The only inconsistency in the testimony of the complaining witness relates to the size of the defendant. She testified that defendant was shorter than she but qualified this by acknowledging she had poor judgment on height and she did not think defendant was as tall as she was “although he had on a hat.” (Emphasis supplied.) The testimony of defendant’s alibi witnesses, an attorney and a barmaid, which placed him in a hardware store and a tavern at about the time of the robbery is entirely reconcilable with defendant’s participation in the robbery. The alibi aspect of the unquestioned presence of the defendant at the hardware store is particularly suspect since he appeared in a line at the cash register but, according to the attorney, left the store without any packages and the time would or could have been immediately following the robbery about three blocks away.

To consider the evidence set forth above and then decide, as a matter of law, that there is no clear and convincing evidence that the courtroom identification of defendant had an independent origin arising from an earlier uninfluenced observation of the defendant is to ignore legal precedent and discard common sense. In my opinion, not only is there sufficient, there is an excess of evidence from which it could be found that there was indeed an independent origin for the in-court identification of defendant and that the trial court was correct in its finding, made following the in camera hearing, and the verdict and judgment of the trial court should be affirmed.

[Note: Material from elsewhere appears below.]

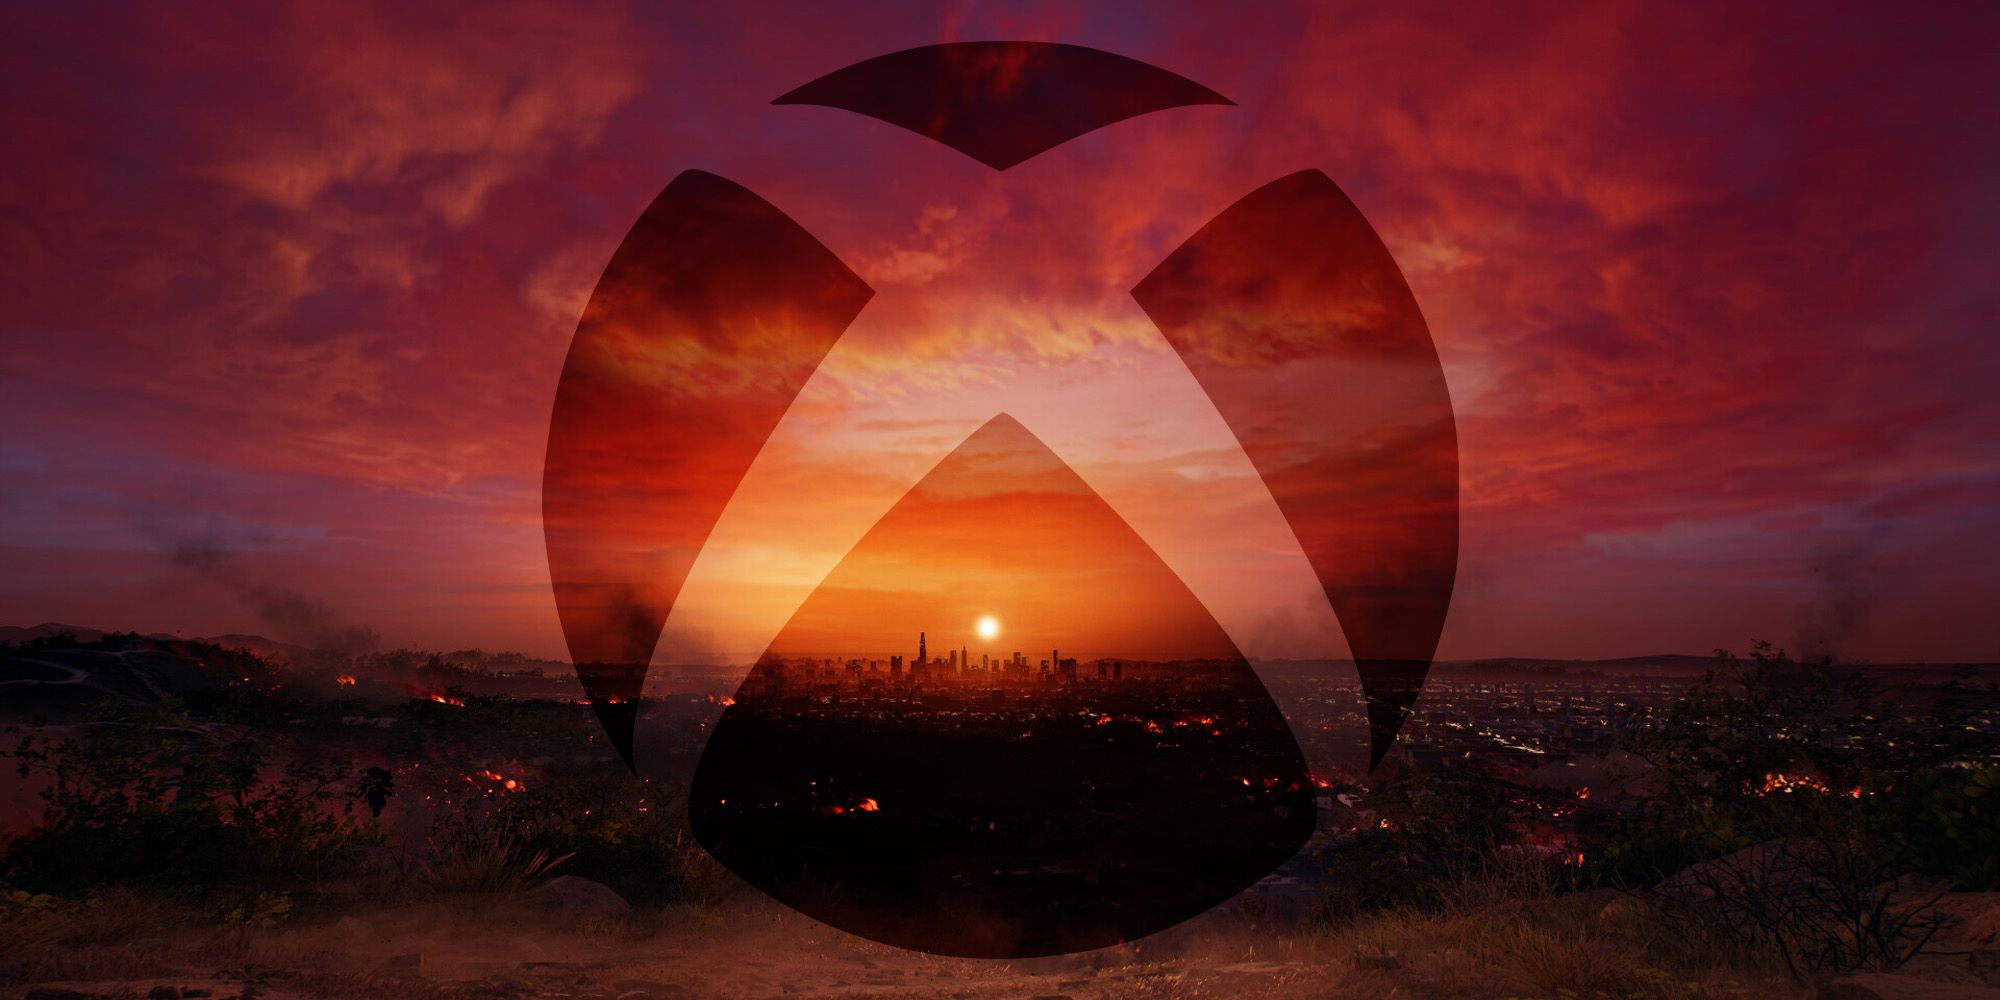 The Xbox logo superimposed over a Los Angeles sunset from Dead Island 2

Appropriate here is the comment of the Supreme Court in People v. Davis, 45 Ill.2d 514, 261 N.E.2d 314, “Clearly the trial court considered that the identification of the defendant was based on observations of the defendant made by the witnesses independent of their having viewed him at the police station.” While it is true that where a conviction rests upon an identification which is doubtful, vague, and uncertain, it will be reversed. (People v. Gardner, 35 Ill.2d 564, 221 N.E.2d 232; People v. Cullotta, 32 Ill.2d 502, 207 N.E.2d 444.) However, this is a question for the trier of fact whose duty it is to consider contradictory testimony and determine the credibility of the witnesses and the weight to be accorded their evidence. (People v. Coulson, 13 Ill.2d 290, 149 N.E.2d 96; People *504 v. Davis, 126 Ill.App.2d 255, 261 N.E.2d 771.) It is neither the duty nor the privilege of a reviewing court to substitute its judgment as to the weight of disputed evidence or the credibility of witnesses for that of the trier of fact who heard the evidence presented and observed the demeanor of the witnesses. People v. Novotny, 41 Ill.2d 401, 244 N.E.2d 182.

The majority are concerned with the discrepancies in the identification testimony of Mrs. Schmidt. But discrepancies and inconsistencies in the testimony of identification witnesses are neither new nor unique in our law. They are properly resolved by the trier of fact along with other matters going to the weight and credibility to be accorded witnesses. To cite but one example, particularly germane here, the case of People v. Watkins, 46 Ill.2d 273, 263 N.E.2d 115, was a case where a jury’s determination of guilt was allowed to stand despite the fact that a police officer who had been shot by defendant initially described his assailant as being six foot two inches tall and weighing one hundred eighty pounds with a natural hair style but defendant proved to be five foot eleven inches tall weighing one hundred forty-five pounds with processed hair, a moustache and a faint goatee.

On the basis of the record presented in this case I would affirm the trial court. But absent outright affirmance the case should be remanded for a new trial in which evidence of the improper one man show-up is withheld from the jury.